I am puppy-sitting at the moment and ‘enjoying’ early morning rambles with two mini dachshunds called Drake and Bear. A pattern is emerging!
I was already four sticks up by the time we reached the park. Well, four sticks and a little black plastic sack, warmly containing last night’s dinner. Not my own, you understand.
I had learned over the week that sticks must be collected on the way. No good waiting till we reached St Boniface, a park so neat it looked freshly hoovered. Never a stick in sight, and sticks were currency in this game.
Manic tails and panting bodies swirled round my sodden ankles, the leads threatening to turn me into a cat’s cradle. Eager eyes darted from my hand to my face and back again, willing me to start. ‘Do it! Do it!’ was the unspoken plea, eight tiny feet almost lifting off the ground simultaneously.
I inhaled deeply, drew back my arm and hurled with all the gusto of an Olympic shot-putter. The dogs were there before the stick hit the ground, muzzles entwined round the stick in a ferocious battle to the death, snarls and growls worthy of a Savanna lion pack.
I raised my arm, stick two held tauntingly aloft. Heads jerked up. A stampede towards me gave me time for my overarm serve. Screeching into reverse, the pups whirled round in a frantic bid to get first chew, their feet skidding on the slippery surface.
Bits of bark, wood pulp and saliva spattered off ecstatic faces, soon reducing the stick to splinters. And they were back. ‘Quick! Quick! Throw the next one!’
I shifted tactics, attempting a sideways lob that would make them run a bit harder.
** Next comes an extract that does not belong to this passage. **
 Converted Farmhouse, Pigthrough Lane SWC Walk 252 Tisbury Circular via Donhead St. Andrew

To no avail. Their beady eyes took in the direction of my gaze and their squat little bodies had stick three aloft before I could draw my next breath.
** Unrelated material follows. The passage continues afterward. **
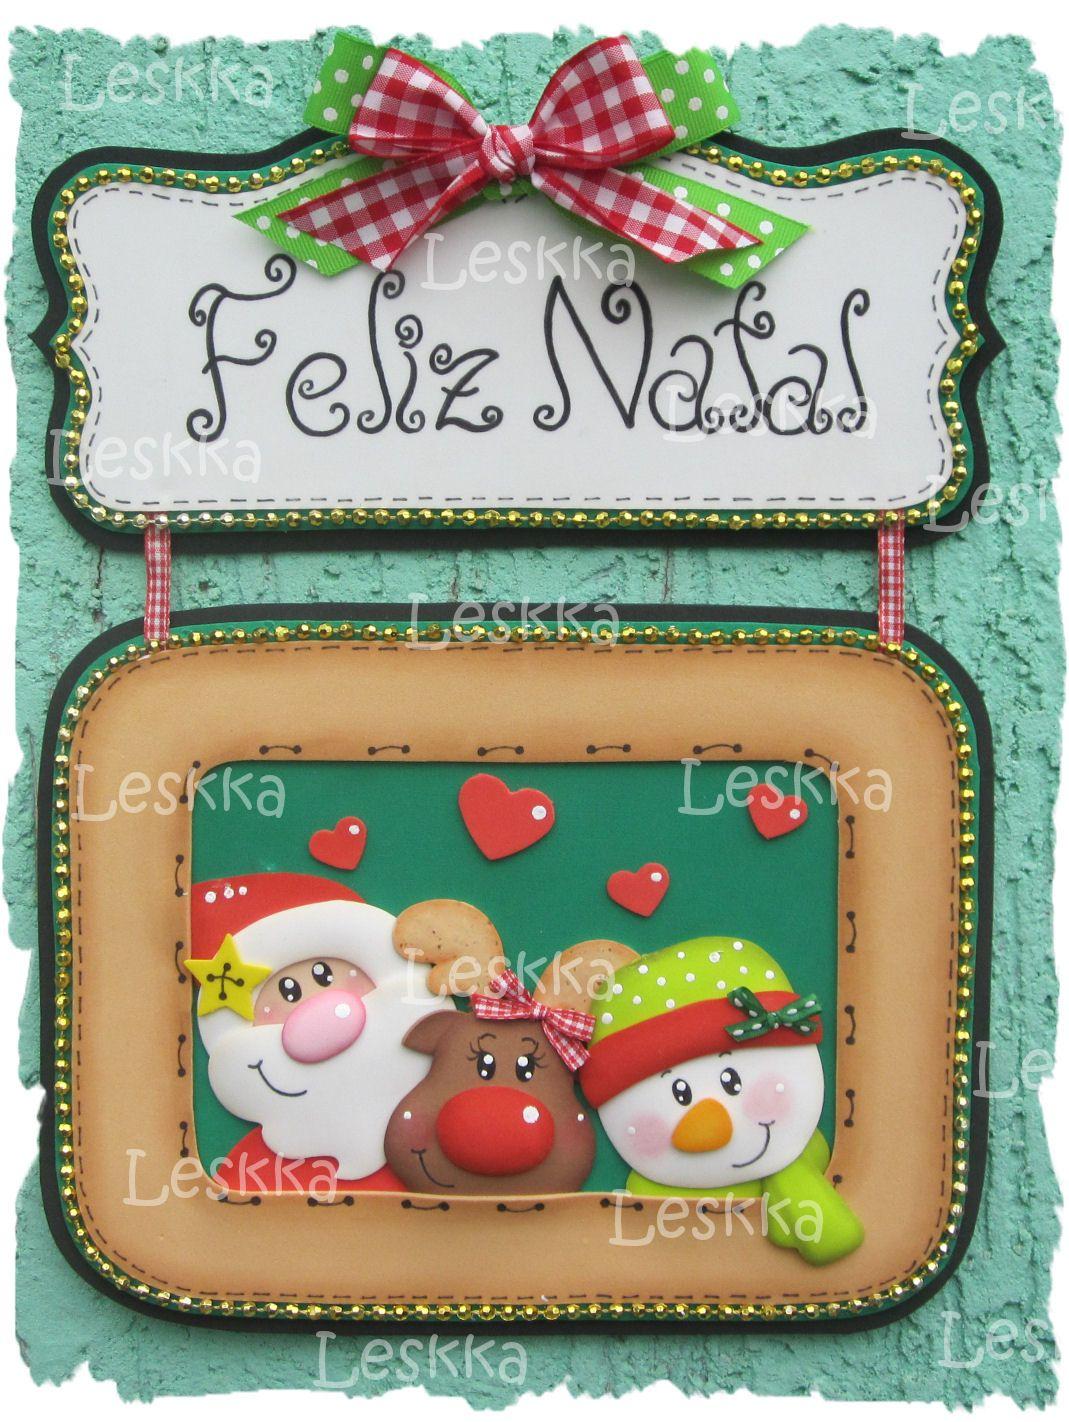 Pin de pri roveri en moldes pinterest navidad goma - Manualidades navidad goma eva ...

Hmm. Only one remaining. I needed to make this last. I tried picking up the remains of stick one, fingers squirming against the slavvery wood pulp, but it had lost its aerodynamics and landed with an unsatisfactory plop just feet from my sodden trainers.
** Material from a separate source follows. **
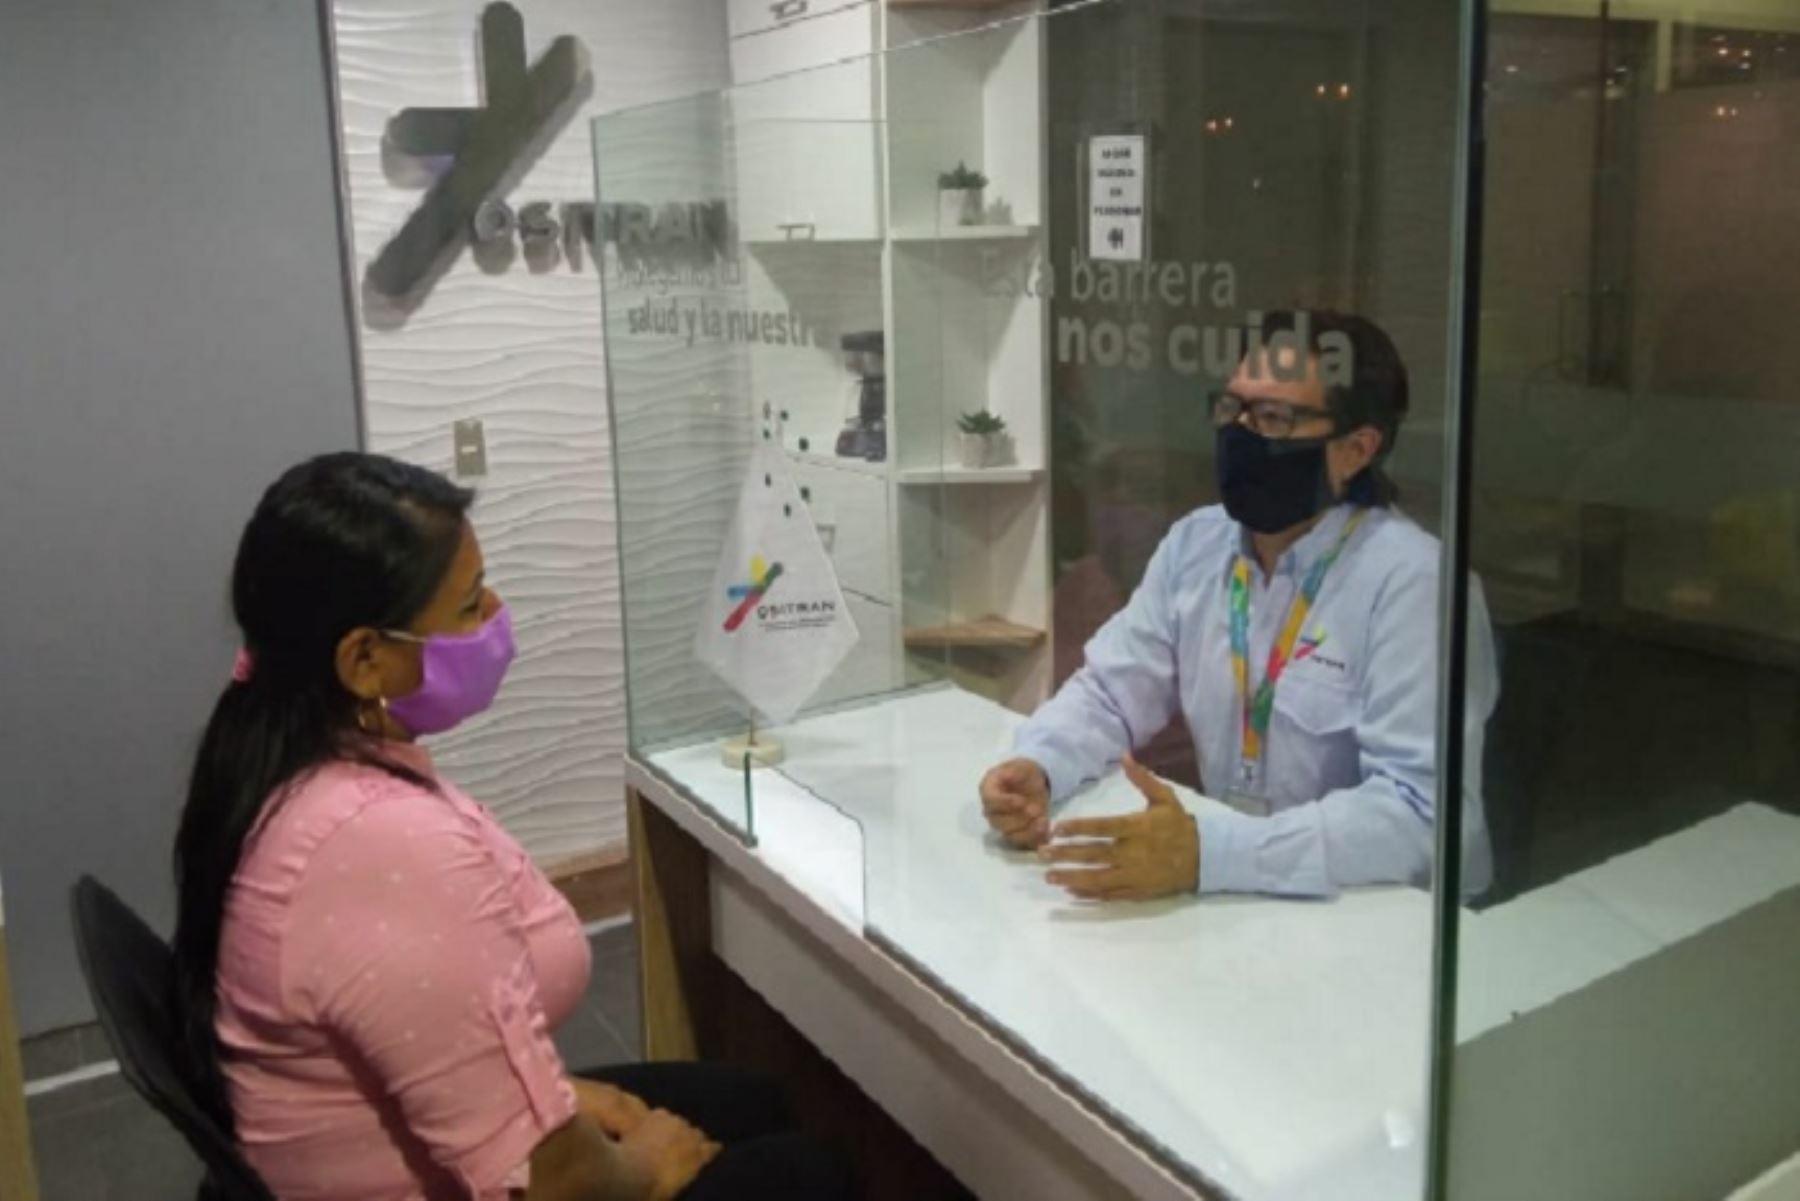 A más de 7,000 loretanos atendió Ositrán a través de oficina descentralizada

Nothing more for it. Stick four it was. I hefted it back and forth a few times, swinging to get the best possible trajectory. I found myself wincing, realising I had developed ‘flinger’s arm’, but persevered nonetheless. It was a good throw, high and long and promised to give them a good run for their sturdy little legs.
Amazed, I noticed them rooted to the spot, looking at me with keen interest and around about to see what had happened to the stick. My frantic pointing, shouting ‘Over there! Over there!’ was to no avail. When you’re less than fourteen inches from feet to ears, a stick thrown six feet in the air might as well have gone to Mars.
Wandering back, the sun warming our faces and lighting the dew-soaked grass alongside us, the sky seemed so blue it could go on forever.